### Directions
Print the lines below from the line with "41 best geek" to the line with "Комплект полотенец Home" exactly, keeping both ends, and print no pictures.

### Material to process

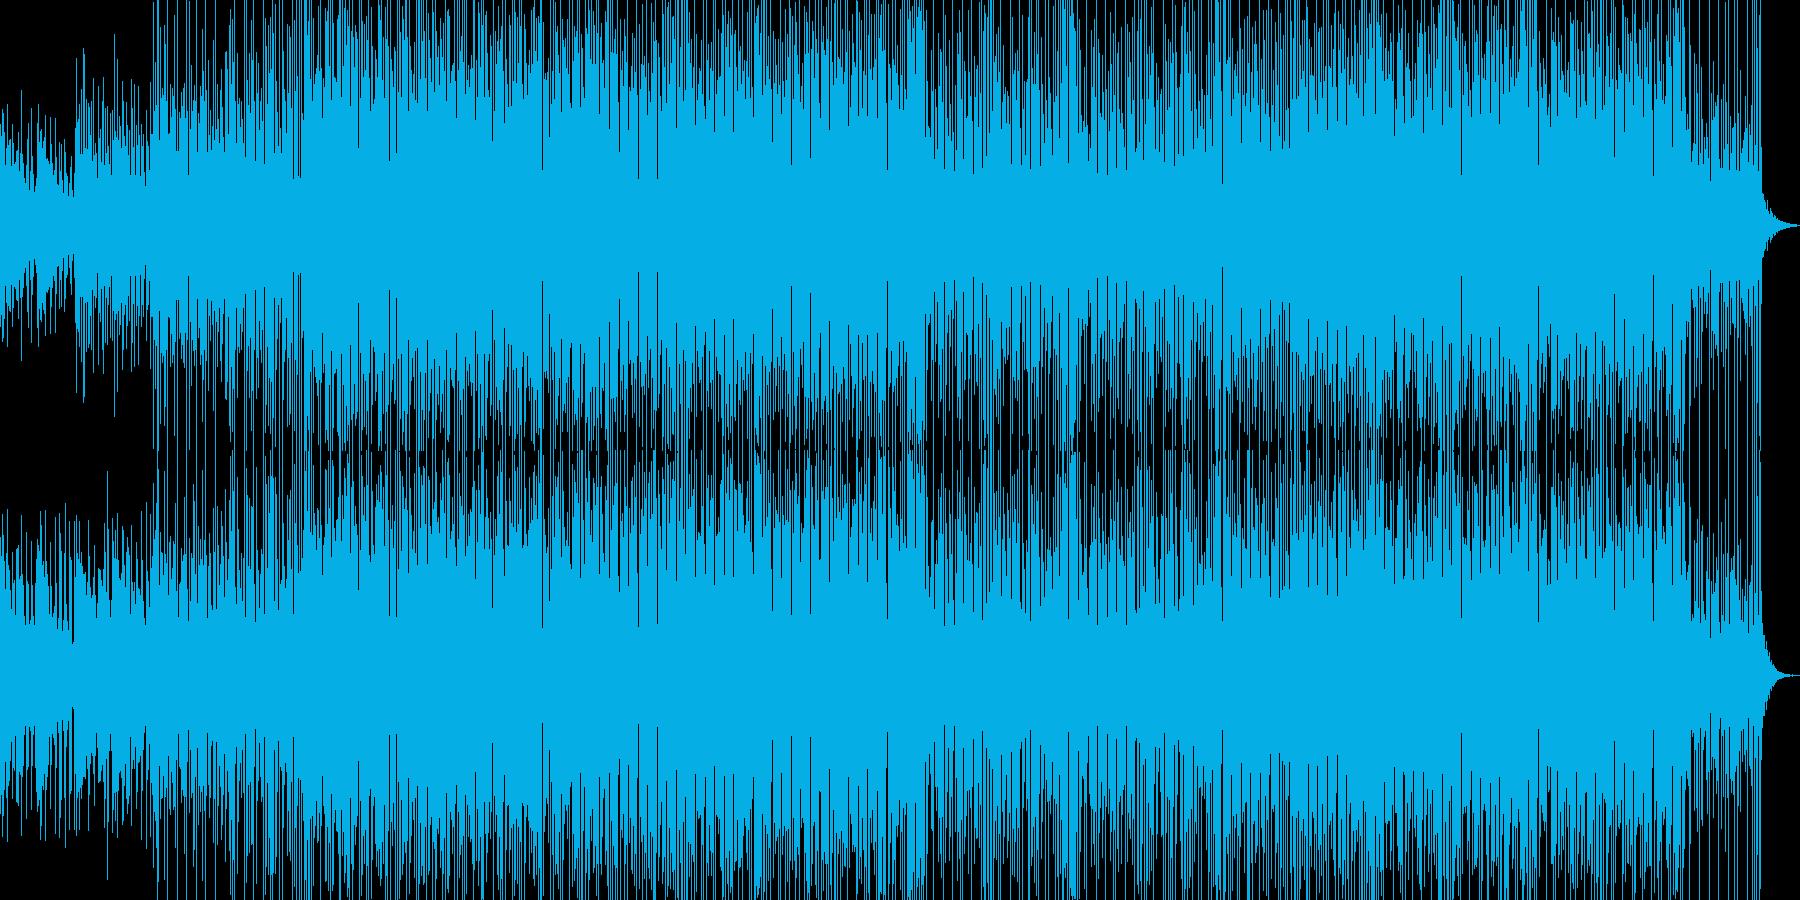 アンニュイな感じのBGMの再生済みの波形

---

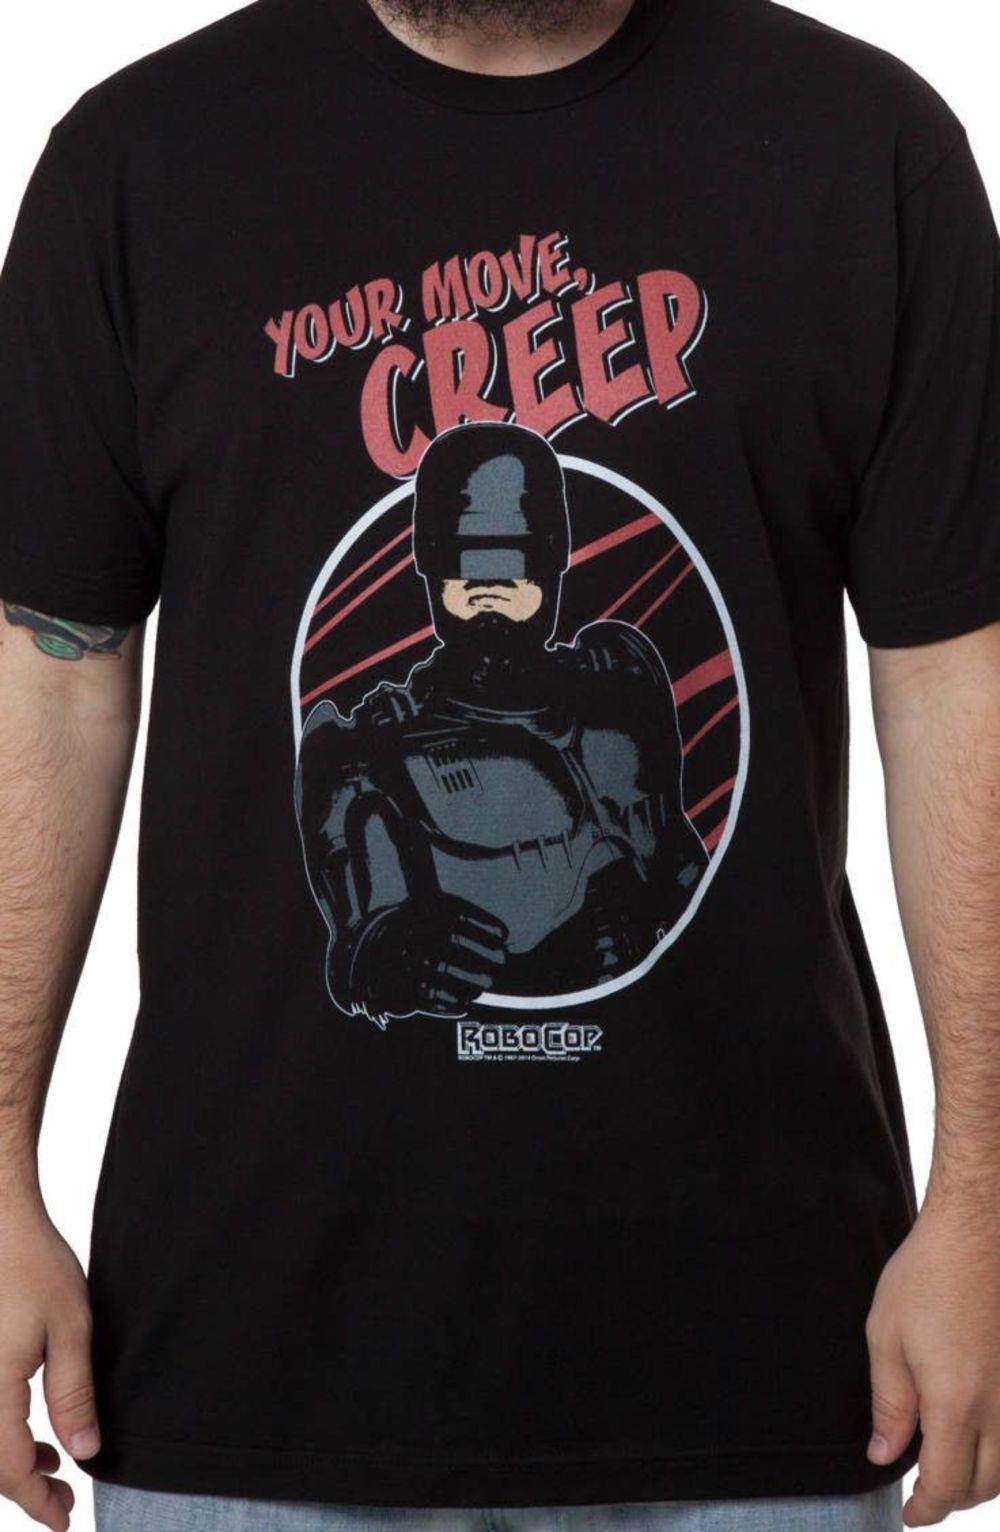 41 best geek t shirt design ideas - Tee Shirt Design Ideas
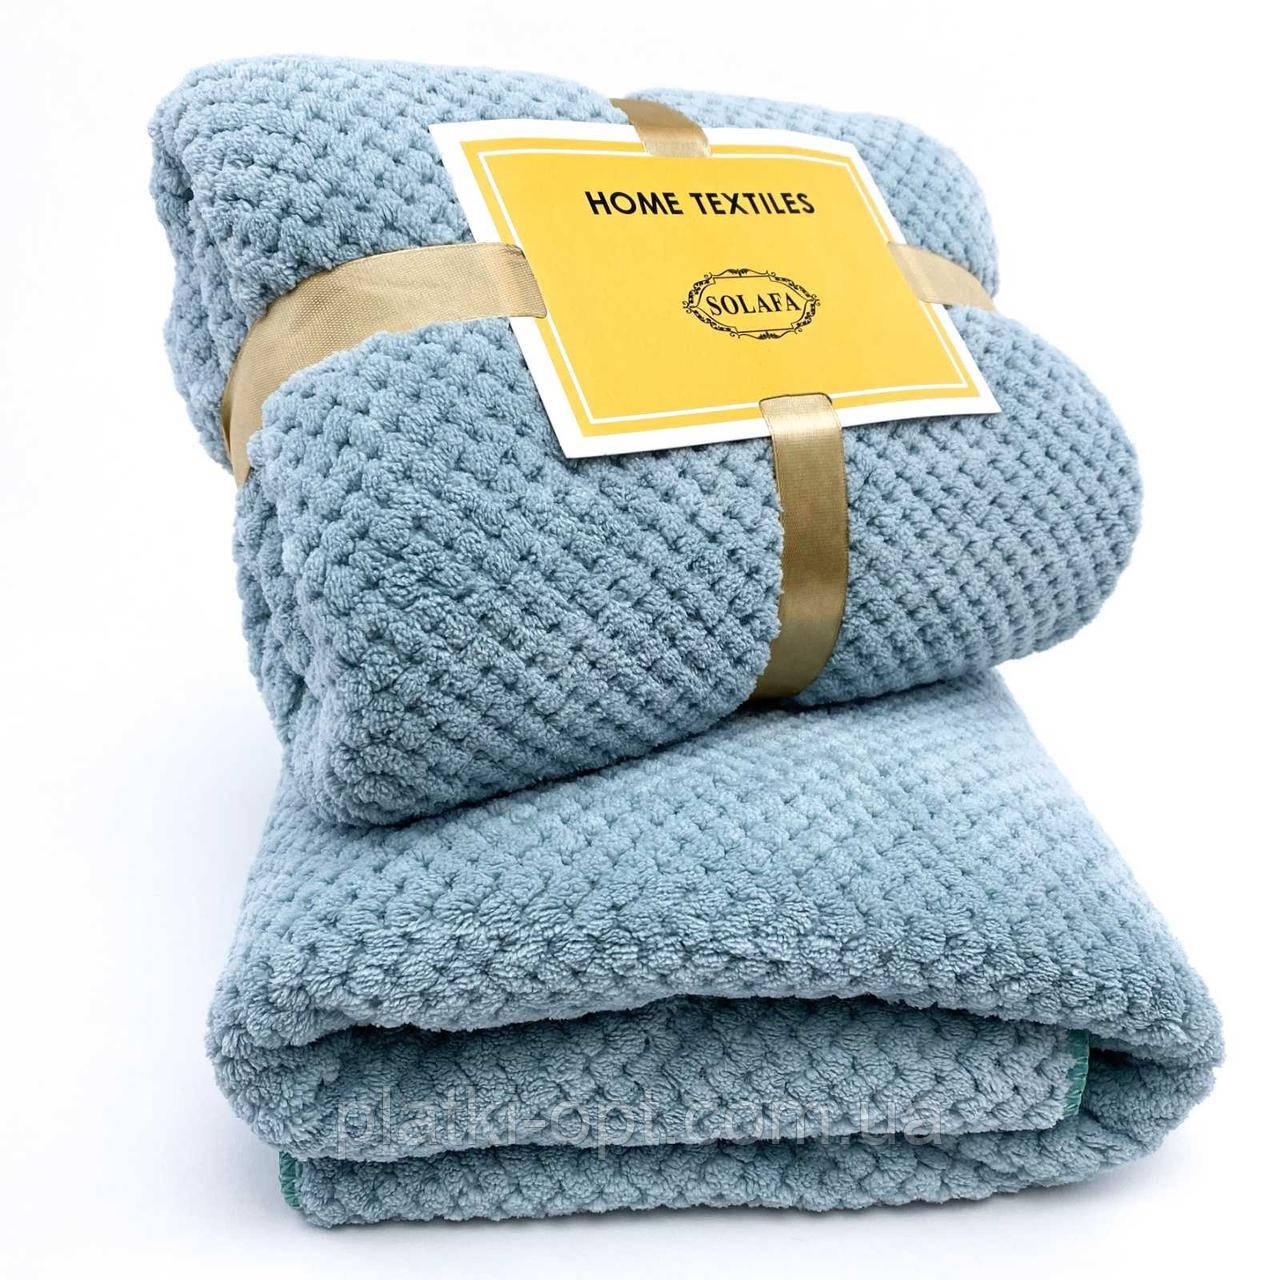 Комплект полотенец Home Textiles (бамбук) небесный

* * *

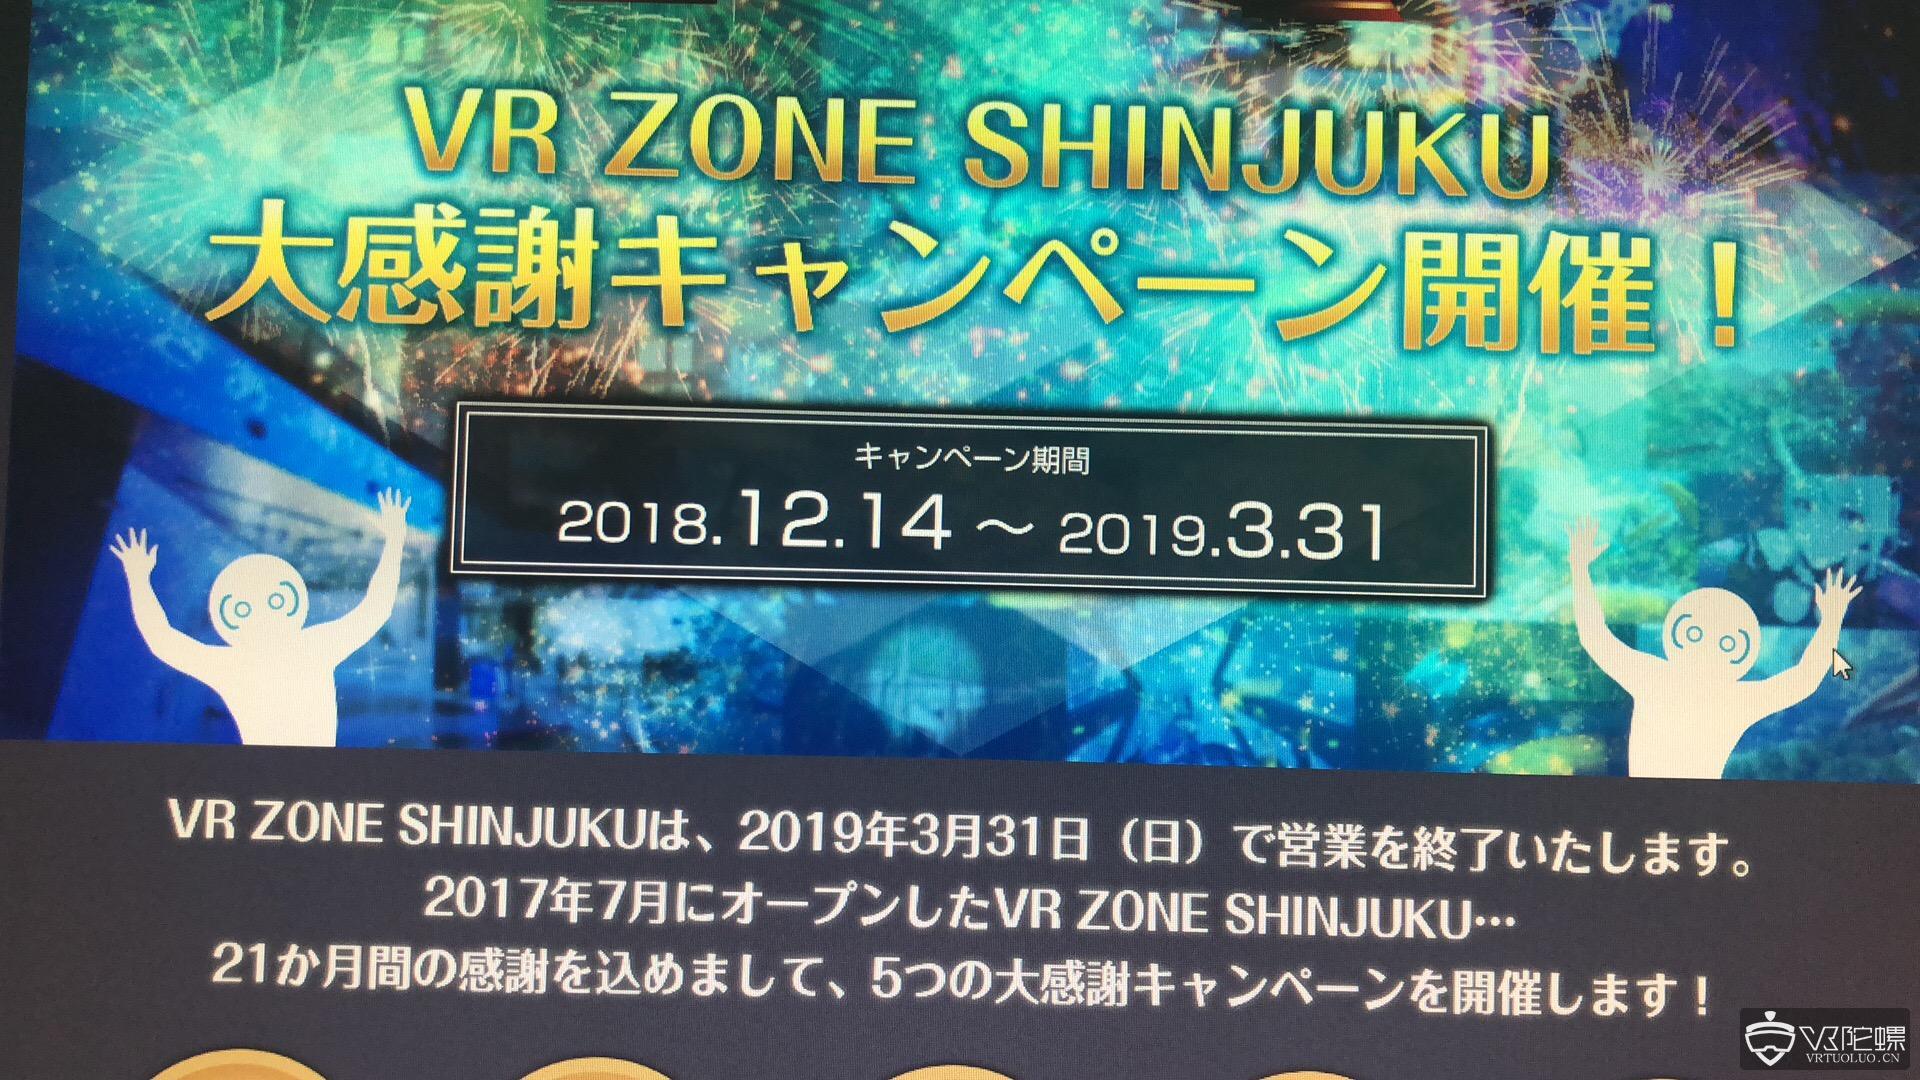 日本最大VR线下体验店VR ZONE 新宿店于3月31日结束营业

### Solution for this exercise
 41 best geek t shirt design ideas - Tee Shirt Design Ideas
 Комплект полотенец Home Textiles (бамбук) небесный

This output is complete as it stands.